2. What skill or accomplishment are you proud of?
I'll take that as singular, and looking for particular pride. Not an easy question. There are a lot of possible answers: my dance (which twenty years ago I wouldn't have expected to be a skill), my writing (good, and improving), even my programming (which I tend to ignore simply because it's so boringly mundane, but I sincerely consider myself a wizard, and can support that belief).
But I think I'll say my teaching. When I put my mind to it (and I'll admit that I sometimes don't), I'm a very good teacher -- I can not only impart the facts, but keep the students interested and get my points across. I can concisely teach students in ways that make them learn. When that goes well, I get a lot of satisfaction out of it...
3. What's the appeal of comic books?
Hard to say, actually. (Which is odd, given that I read more comics than anyone I know.)

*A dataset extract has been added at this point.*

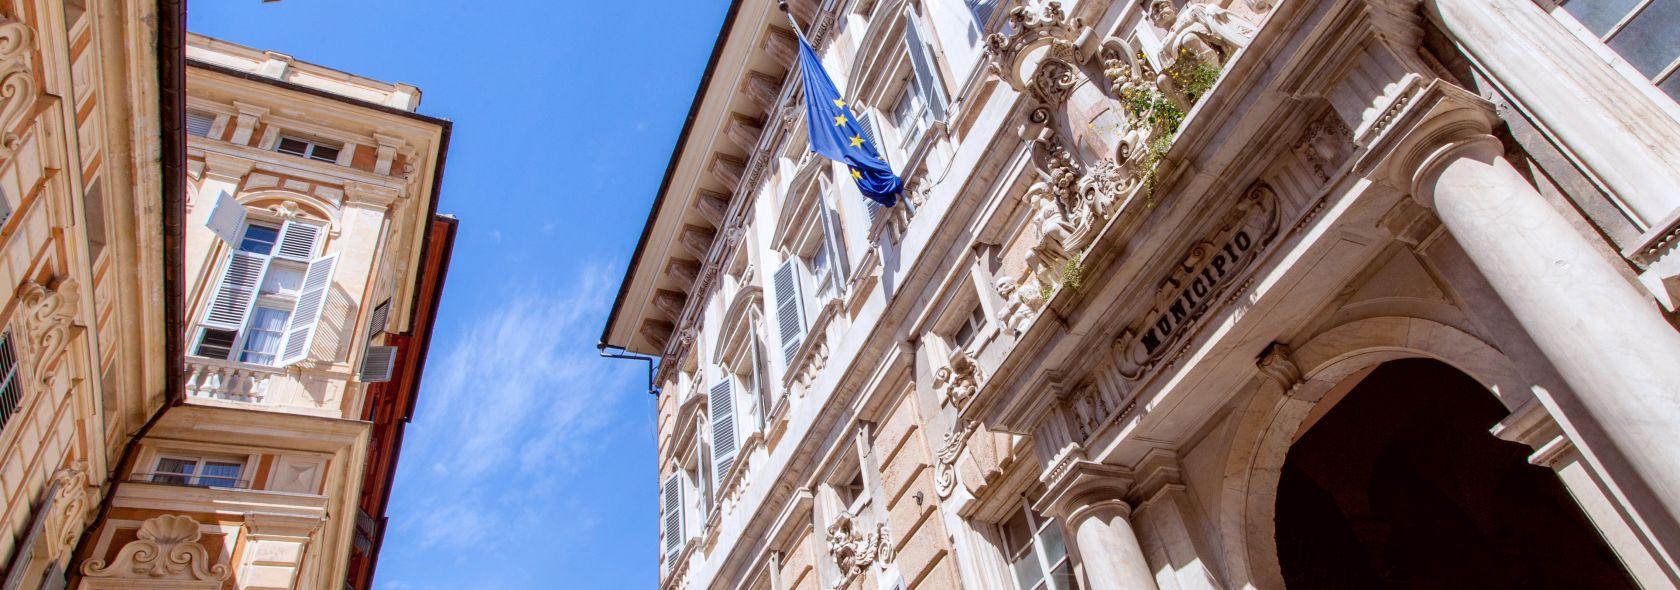 Palazzo Tursi - © Foto Xedum

There are a lot of elements I like about the form. I appreciate the granularity, and the variation in that granularity -- at any given moment, I can choose a story that will distract me for five minutes, or a series of issues that will involve me for a couple of hours. Similarly, I like the fact that my broad tastes let me satisfy any mood, from the most serious and deep reportage of history to the fluffiest brain candy. I'm fascinated by the mythological tone of a good comic universe, and the long but limited story scope that has become commonplace over the years.
Mostly, though, I think I'm just fascinated watching a medium that is still in the process of discovering itself. Folks talk about "the golden age", and "the silver age", with the implication that it's all been going steadily downhill since then. That's complete and utter crap: on average, comics today are better than they've ever been before. There's more variation, and more exploration of what you can do with the form. There's a growing recognition that good writing is what makes a good comic. (Even Marvel appears to have discovered this, which is surely a sign of the Apocalypse.)
I'm not going to say that comics are in any sense the best medium -- I've enough of a mediaphile in general to recognize that each has its strengths and weaknesses. But more often than any other, comics happen to float my boat...
4. If you could sit down and have dinner with any character, real or fictional, whom would it be?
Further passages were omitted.